A comprehensive Python toolkit for Unicode and internationalization, built on ICU (International Components for Unicode).

icukit provides a Pythonic interface to ICU's powerful text processing, localization, and internationalization capabilities. It includes both a library API and a command-line interface.

Installation

pip install icukit

icukit bundles ICU libraries via icukit-pyicu, so no system ICU installation is required.

Features

Text Processing

  • Transliteration: Convert between scripts (Latin to Cyrillic, Hangul to Latin, etc.)
  • Normalization: NFC, NFD, NFKC, NFKD Unicode normalization forms
  • Text Segmentation: Break text into words, sentences, lines, or grapheme clusters
  • Unicode Regex: Full Unicode-aware regular expressions with script and property support

Localization

  • Number Formatting: Decimal, currency, percent, scientific, spelled-out numbers
  • Date/Time Formatting: Locale-aware date and time formatting with multiple styles
  • Duration Formatting: Human-readable time durations ("2 hours, 30 minutes")
  • List Formatting: Locale-aware list formatting ("A, B, and C")
  • Plural Rules: Determine plural categories (one, few, many, other) for any locale
  • Message Formatting: ICU MessageFormat for complex localized strings

Internationalization Utilities

  • Collation: Locale-aware string sorting and comparison
  • Locale Information: Parse, validate, and query locale data
  • Script Detection: Identify writing scripts in text
  • Bidirectional Text: Detect and handle RTL/LTR text
  • IDNA: Internationalized domain name encoding/decoding
  • Spoof Detection: Detect confusable characters and homograph attacks

Reference Data

  • Regions: Country and region codes with containment relationships
  • Scripts: Writing system information and properties
  • Timezones: Timezone data with offsets and equivalents
  • Calendars: Calendar system information (Gregorian, Hebrew, Islamic, etc.)

Quick Start

Library API

from icukit import (
    transliterate,
    sort_strings,
    format_number,
    format_datetime,
    get_plural_category,
    break_words,
)

# Transliterate text between scripts
transliterate("Привет мир", "Russian-Latin/BGN")  # "Privet mir"
transliterate("hello", "Latin-Cyrillic")  # "хелло"
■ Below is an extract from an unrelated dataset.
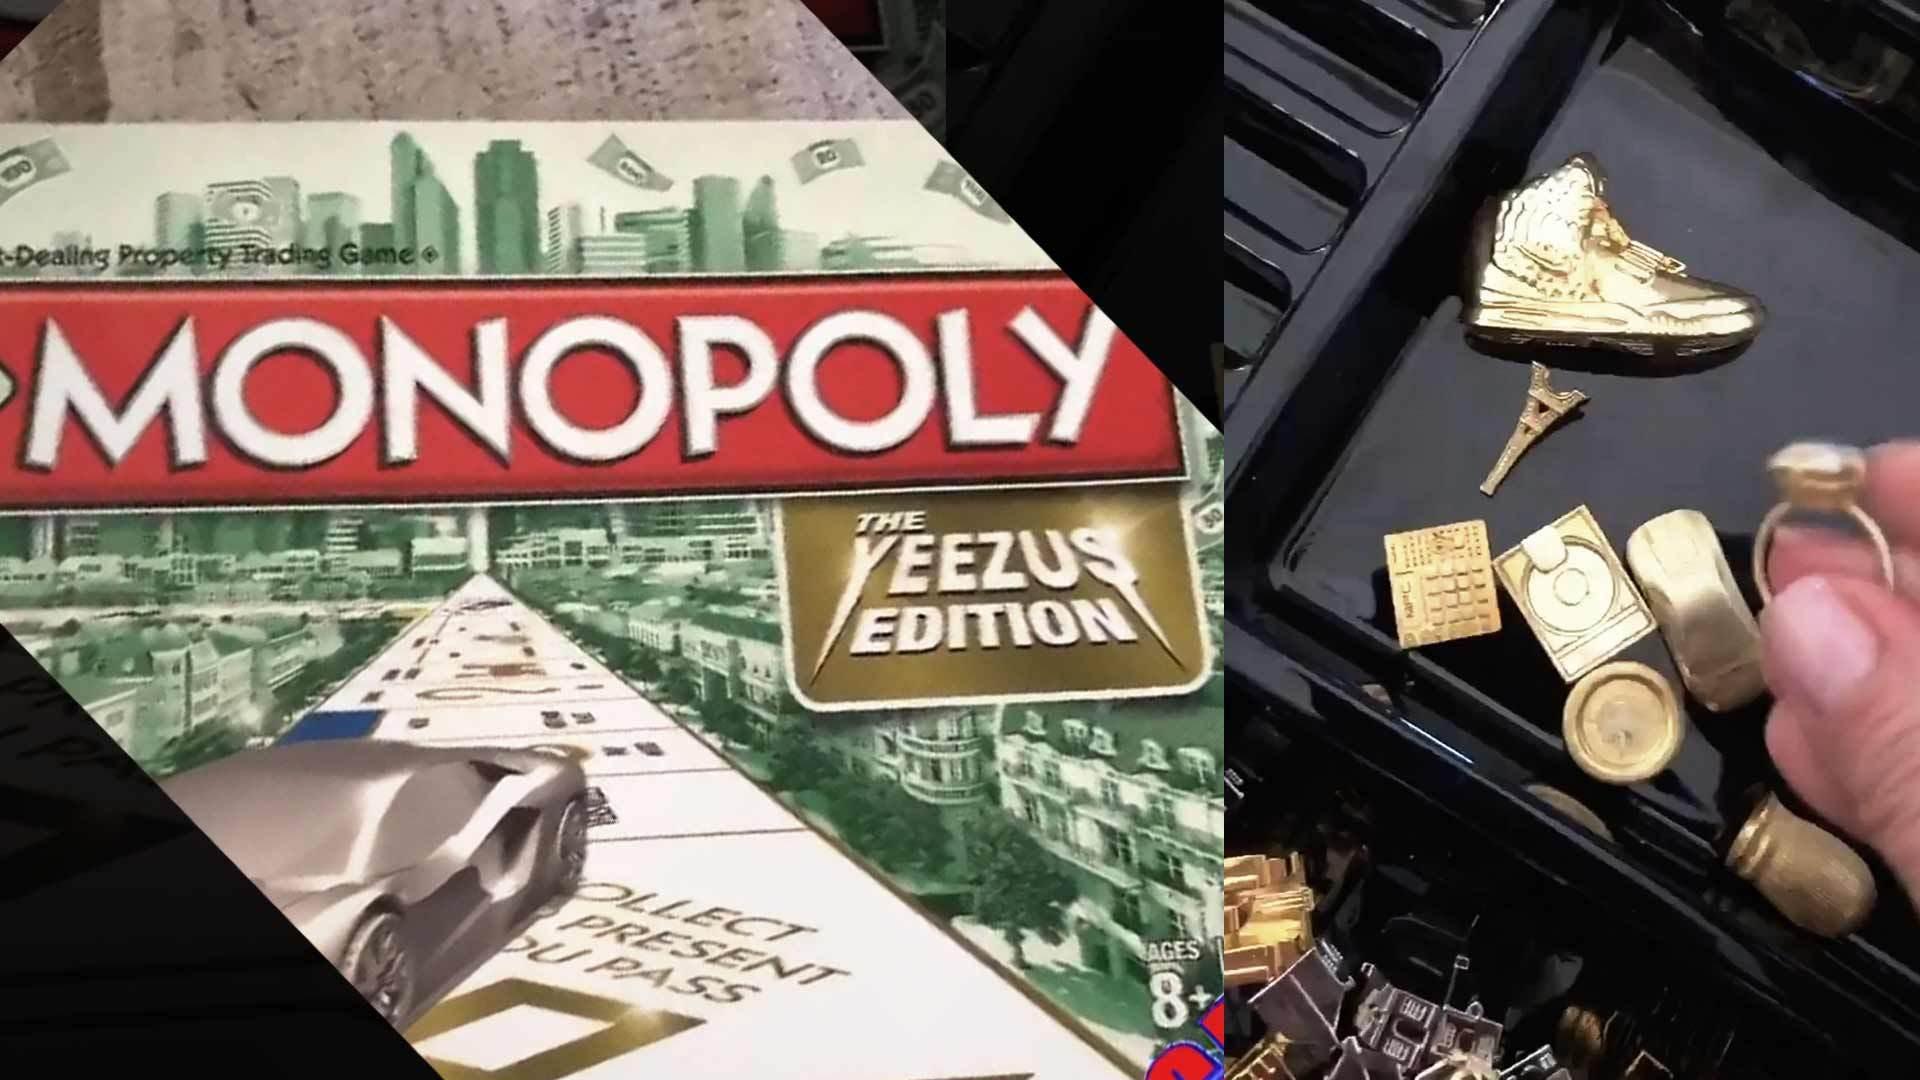 Kim Kardashian Gives Inside Look At The Custom YEEZUS Monopoly Game

# Sort strings with locale-aware collation
sort_strings(["cafe", "café", "CAFE"], "en_US")  # ['cafe', 'café', 'CAFE']
sort_strings(["Öl", "Ol", "öl"], "de_DE")  # ['Ol', 'Öl', 'öl']

# Format numbers for different locales
format_number(1234567.89, "en_US")  # "1,234,567.89"
format_number(1234567.89, "de_DE")  # "1.234.567,89"
format_number(1234567.89, "hi_IN")  # "12,34,567.89"

# Format dates
from datetime import datetime
now = datetime.now()
format_datetime(now, "en_US", style="LONG")  # "January 19, 2026 at 4:00:00 PM PST"
format_datetime(now, "ja_JP", style="LONG")  # "2026年1月19日 16:00:00 PST"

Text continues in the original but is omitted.